父親的無奈,妹妹的驚惶和隐忍的淚水,還有……自己的無力……
父親說,自己天性純直任俠,不适合官場,最好就是專注習武,以後繼任當家之位,只要武功足夠震懾,就能得到家族長老的忠心扶持,足可保黑崎家平安。
所以,只能在這裏幹看著,什麽也不能做?
都是那個朽木白哉的錯!冰塊臉的自大傲慢混蛋!
想娶他妹妹?先問問他的劍再說!
握在腰間劍柄上的手指跟跟收緊,少年年輕銳利的眉目間凝滿了堅毅。
一身飄逸白衫,顏如春冰的男子微微挑眉,“黑崎一護求見?是單獨來的?”
“是。”
“哦……”男子沉吟,“請黑崎公子到臨風軒,稍待片刻。”
“是!”
“等等。”
“請當家吩咐。”
“不必解劍。”
傳訊的傭仆雖然有些迷惑,還是應了,“是。”才恭謹退下。
男子深邃的眸光微閃,旋即恢複了一如既往的寧靜,繼續翻閱著案頭的卷冊,專注的神情,自有一份透著儒雅的精幹,似乎一點也不好奇不速之客的來意。
而春日遲遲的陽光落在他的面上,勾勒出容顏如畫。
膚勝素月,衣白如雪。
如果不是氣質過於冰凜,赫赫逼人的威勢總是凝在眉間,這般美男子著實當得起“君子如玉”四字。
直過了整整一個時辰,将手頭的事務處理得差不多了,男子才悠悠起身,邁開步伐。
穿花拂柳,曲徑通幽處,小小的水閣繞滿了錢錢新荷,清新荷風送來水汽,幾縷清麗花香漂浮其間。
水閣中獨坐的少年已經滿是不耐。
卻還懂得勉強壓抑情緒,維持表面的禮節。
銳目不動聲色端詳。
流垂的燦爛發絲之下,小時候大大圓圓盈滿純真的眼已經變得修長,色澤明媚的眸子卻依然清澈晶亮,因為怒氣和不耐而灼灼生光。
習慣性地皺著眉心,兩道秀長的眉於是飛揚直刺鬓角,顯出少年無懼無畏的銳氣來。
瘦削的頰,五官清秀銳利,嘴唇卻飽滿鮮潤,似含苞未放的花蕾。
包裹在淡青衣衫之下的清瘦身軀緊繃有力,修長筆挺。
這樣的少年,不是傾國傾城的美麗,更不具備什麽妩媚風情,他就像一柄剛剛磨好的寶劍,還不懂得收藏滿身的鋒利和驕傲。
然而,那桃花色的手指和甲床,那飽滿如珠的耳垂,那於男子而言纖細得過分的腰肢,那因為緊張而微微滑動的小小喉結,那拘謹排斥肢體語言……卻又隐隐透著甜美的背德芳香。
他的純淨無垢,他的驕傲天真,他形於外的輕揚不羁,都在靜水流深的心湖中激起漣漪。
男子迳自落座,目間無塵的傲慢溢於言表,“黑崎公子所為何來?”
言下之意似是,有話快說,別耽誤他的寶貴時間。
一護在袖下握緊了拳頭,乾脆直接道明來意,“朽木白哉,我來是要你取消婚約。

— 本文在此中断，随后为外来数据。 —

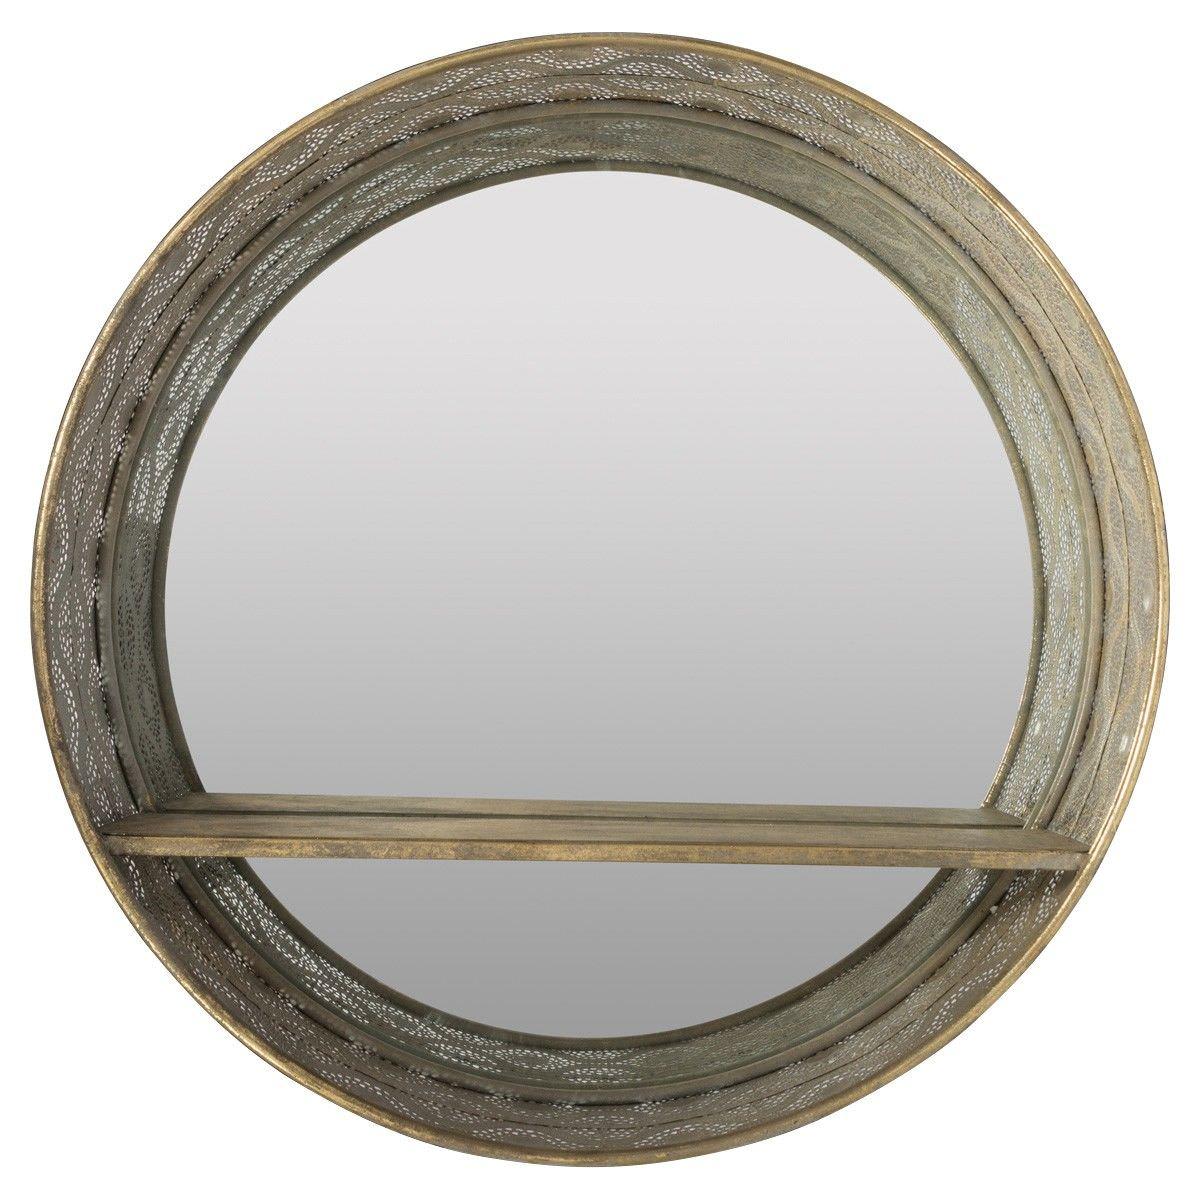 Aladdin Filigree Metal Frame Round Wall Mirror with Shelf, 60cm

”如果不是為了重要的親人,他一輩子也不想看見這家夥!
朽木白哉眼皮都不态,“這是你父親的意思?”
“……不……不是。”
“那麽抱歉,我不能答應。”
“為什麽?你見都沒見過夏梨,不可能是因為喜歡她才要娶她。”
“就憑她姓黑崎。”
“狗屁!”忍不住罵了不合身份的粗口,少年頤指大聲道,“你幹嘛不去娶志波家的母老虎?也是世家聯姻不是麽?”
“志波家和朽木家沒有嫌隙,黑崎家需得拿出誠意來,才能得到其他三家的信任。”男子慢條斯理,“你不能代表黑崎家,回去吧。”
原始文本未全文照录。